Task item ▸
In the copy, include exactly the lines from the one with "tieng trung phon the" through the end of the data and no others, both ends kept, with every picture left out.

#### Source material

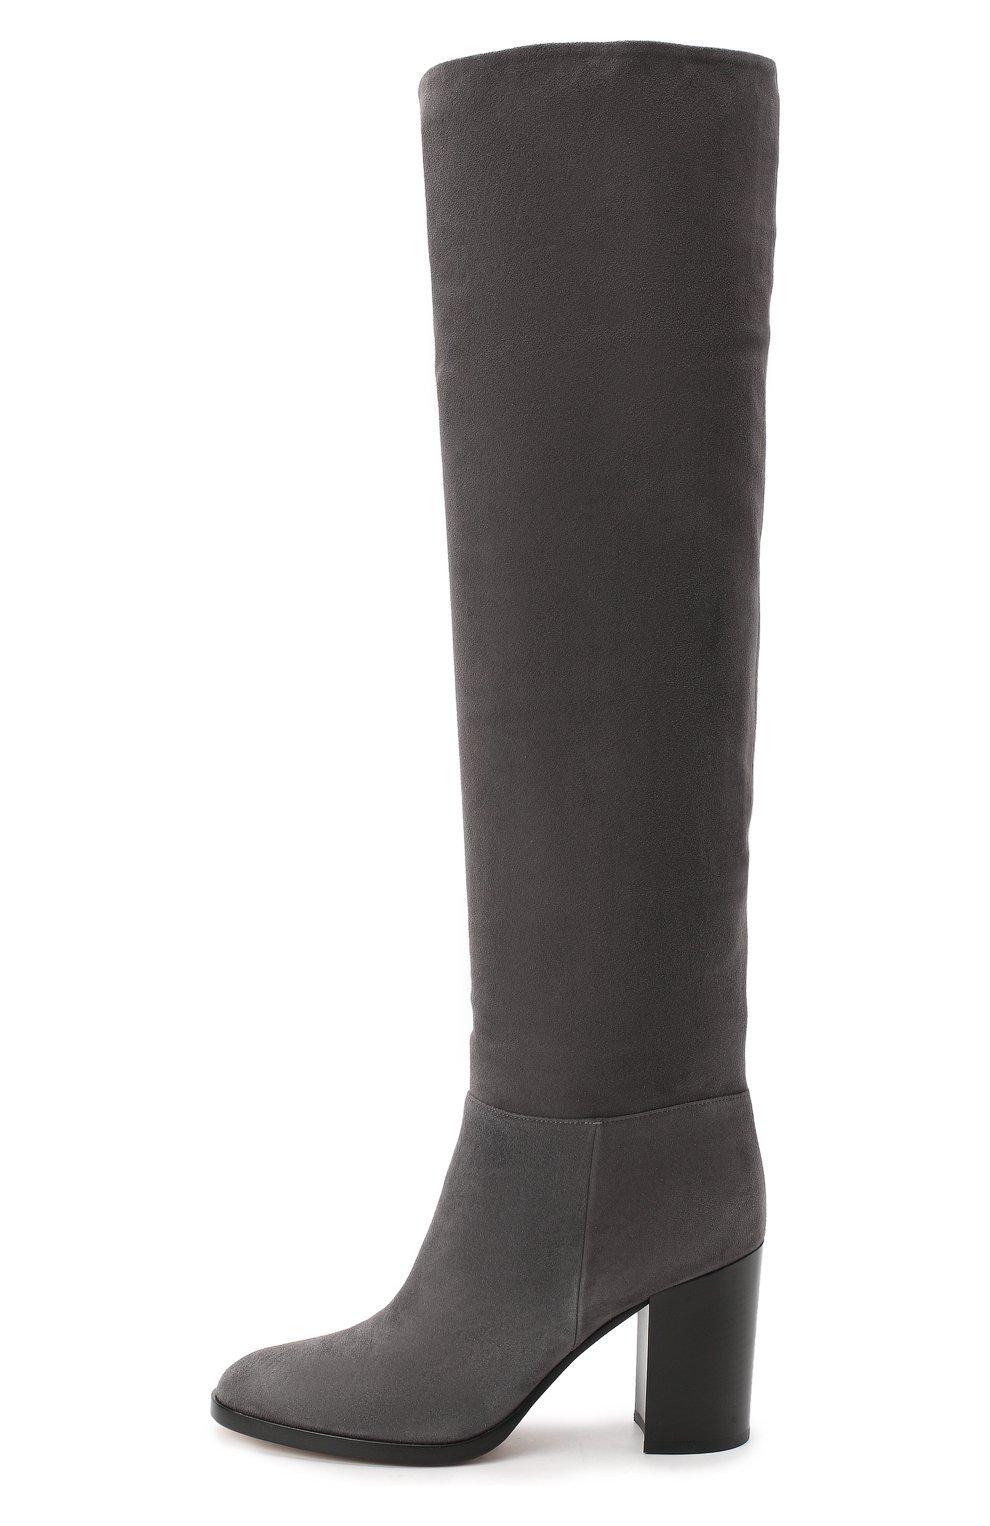 Женские замшевые сапоги daywear GIANVITO ROSSI серого цвета, арт. G80484.85CU0.C45LAPI | Фото 3
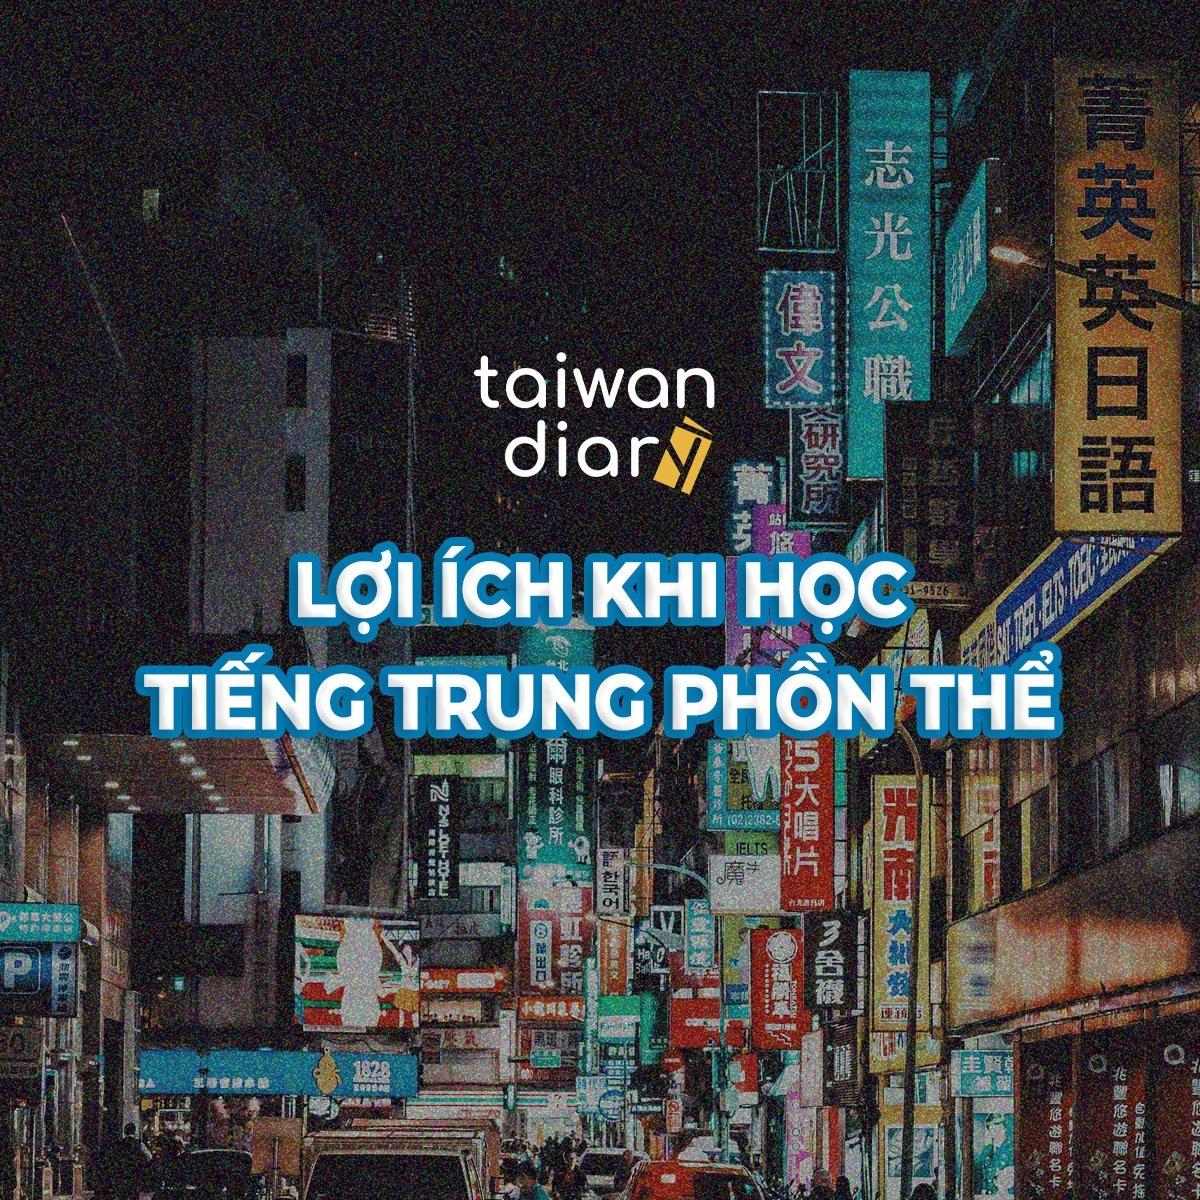 tieng trung phon the
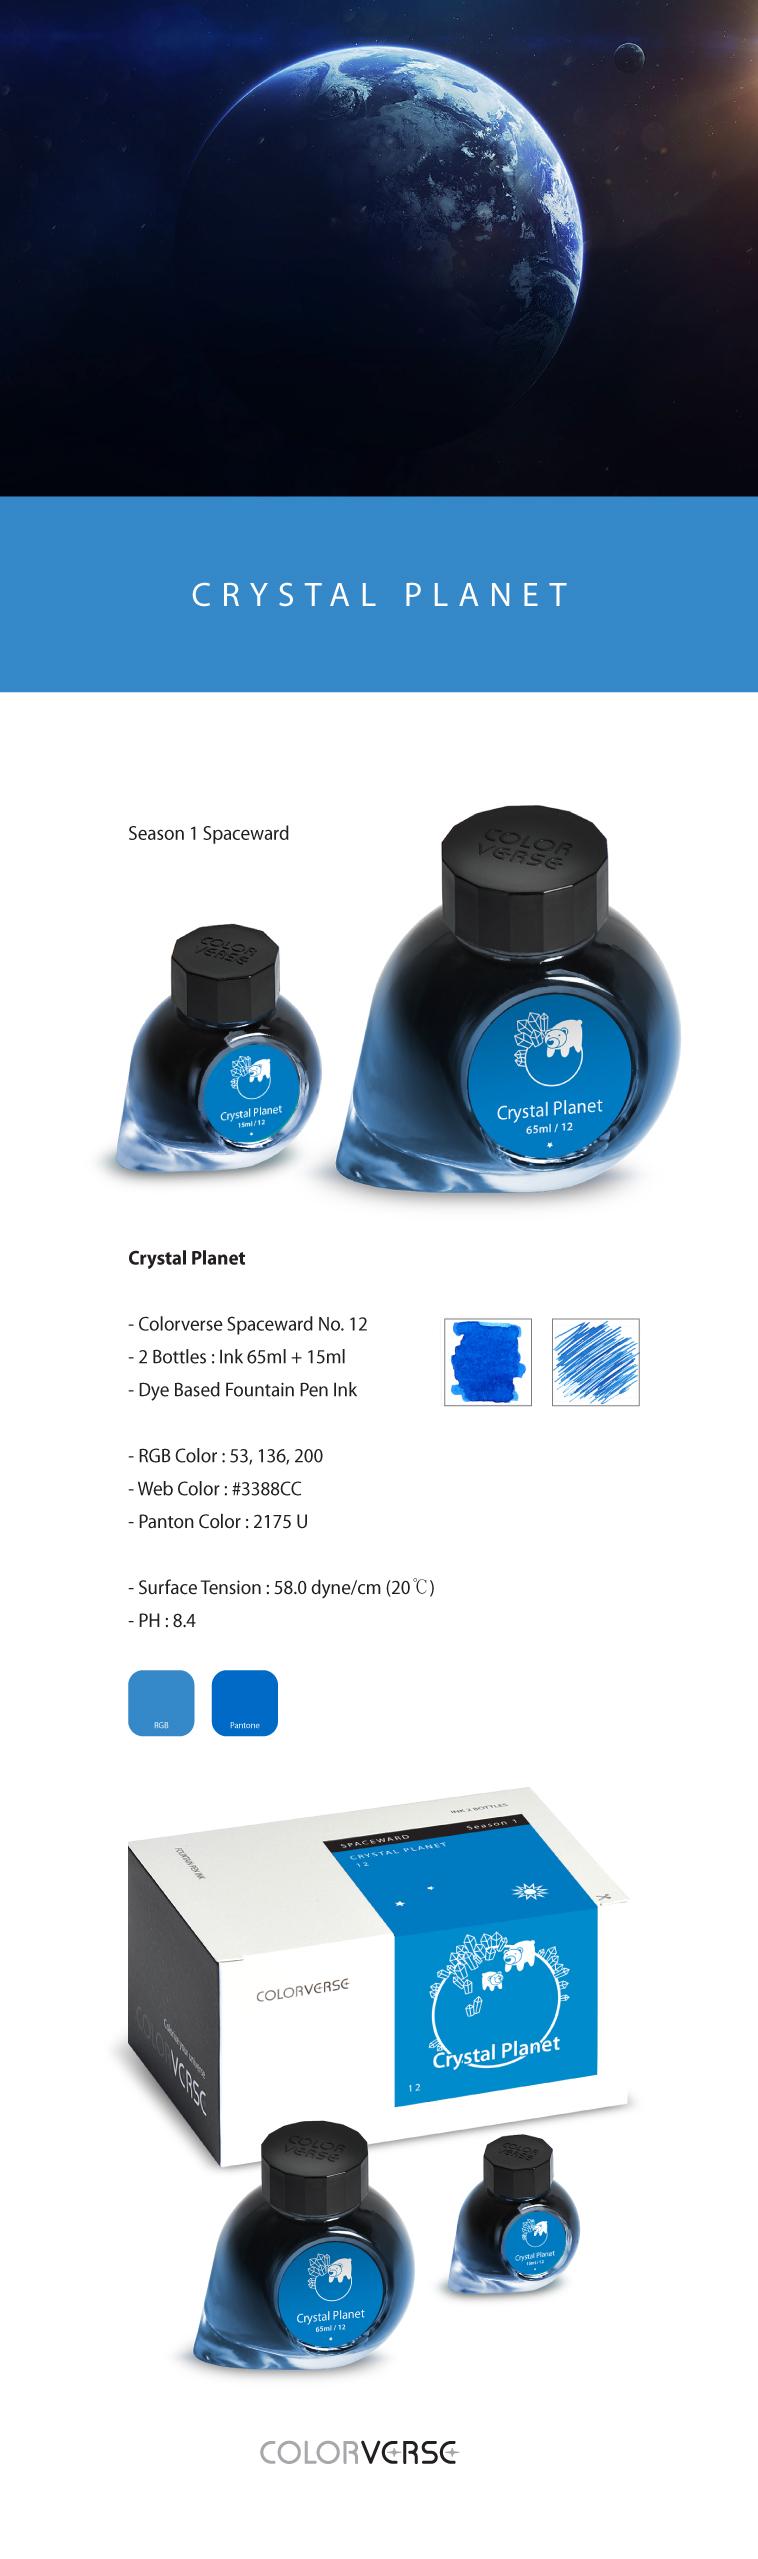 12Crystal Planet水晶星球   賈絲筆咧 Juspirit

########

Answer to this task ▸
 tieng trung phon the
 12Crystal Planet水晶星球   賈絲筆咧 Juspirit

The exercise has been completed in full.